楽天市場を利用するユーザーの傾向としては、女性の比率が多い。モール内でさまざまなショップを見て回れる楽しみや、ポイントを貯めるという行為自体が、女性の特性にマッチしている結果だろう。

対して目的の商品だけパパッと買い物できればいいという男性(どちらかというと年配者)は、amazonを好んで利用する傾向にある。amazonは全ての品をamazonが管理しているわけではなく、amazonマーケットプレイスと呼ばれる一般事業者向けの出店サービスもあるので、男性向け商品を扱っているならamazonへの出店も検討したい。

ターゲットとするお客様の層に合わせて、出店するモールを選んでいくのも一つの手だ。

 

出店にかかる費用をかけたくない

 出店にかかる費用をかけたくない

資金に余裕がなく、少しでも安くネットショップを始めたいという方は、独自ドメインでの出店を検討していくとよい。現在はネットショップシステムの制作を高いお金をかけて制作会社に依頼しなくとも、高機能なショップシステムをレンタルという形で利用できる。

カラーミーショップやショップサーブといったASP型ネットショップを利用すれば、月額数千円の費用で、独自ドメインのオリジナルショップを開業することが可能だ。売上金に対する手数料も発生しないため、どれだけ商品が売れたとしても、定額費用だけで済んでしまうのは嬉しい。

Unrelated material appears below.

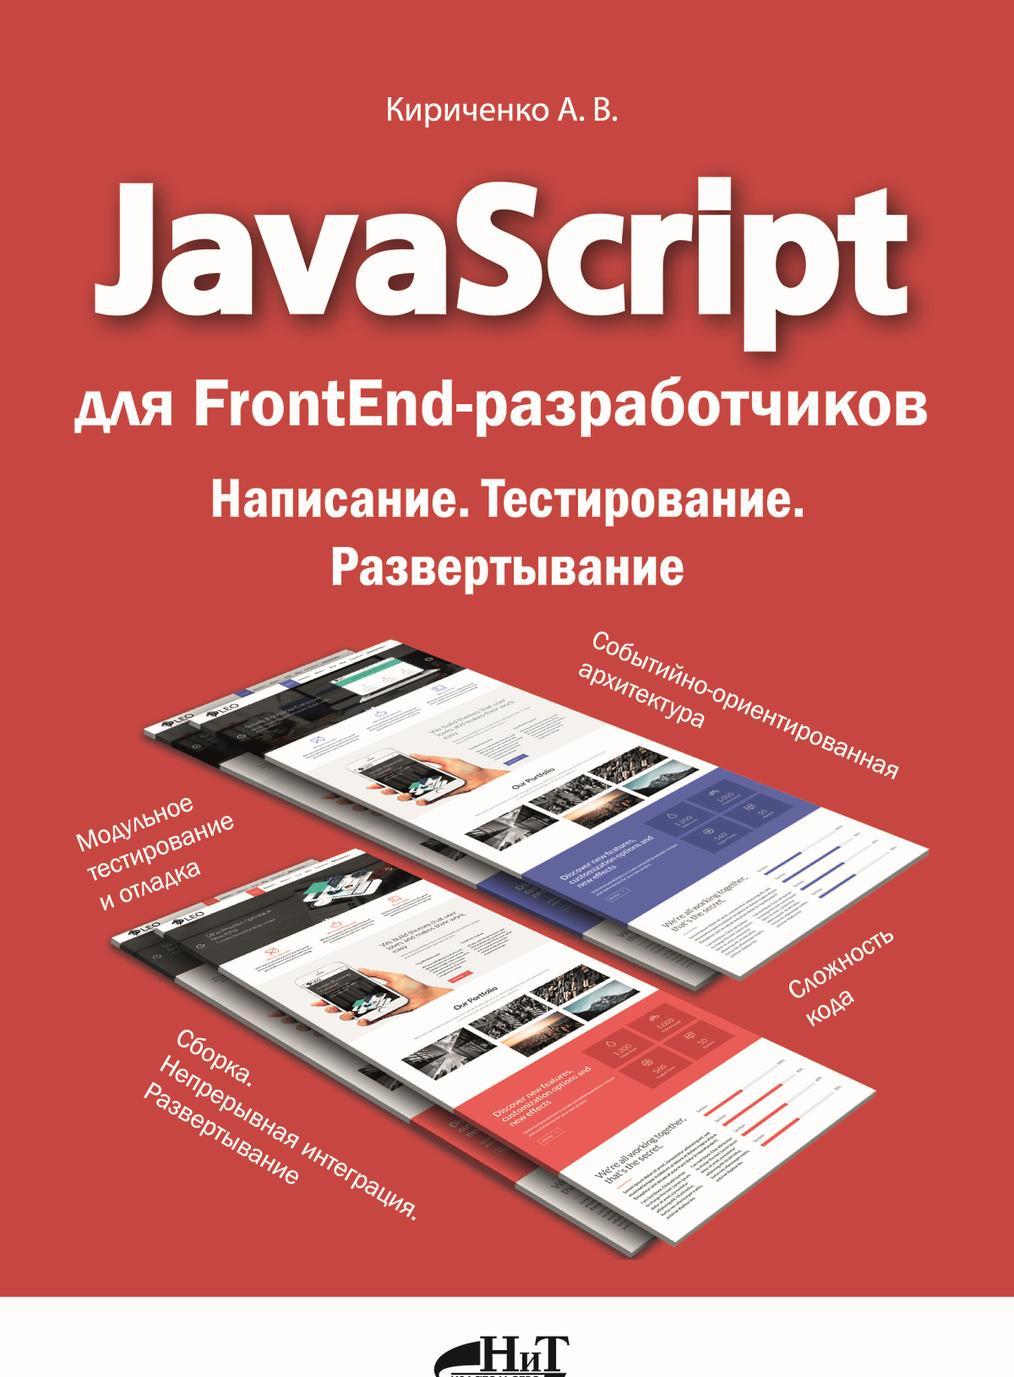 JavaScript dlja FrontEnd-razrabotchikov. Napisanie. Testirovanie. Razvertyvanie

開業にかかる費用を抑えられる分、仕入れに費用をかけたり、開業後の厳しい期間を乗り切るための生活費に回すことができる。

 

初期費用0円で開業することも可能

ASP型のネットショップは毎月ショップシステムをレンタルするのに月額費用が発生するが、月額費用・初期費用すらかけることなくネットショップを開業することも可能だ。その方法は以下に挙げる二点。

  • BASEを利用する
  • オープンソースを利用する

BASEとはネットショップを無料で開業できる、今までの常識を覆すような驚愕サービスの一つ。クレジットカードの導入すら費用が発生しない(決済手数料は別途発生する)。さらに「ネットショップの作成が、今までで一番簡単に。」というコピーの通り、出店作業をいとも簡単に行えることができる。ものの30分もあれば、自分だけのネットショップが完成する。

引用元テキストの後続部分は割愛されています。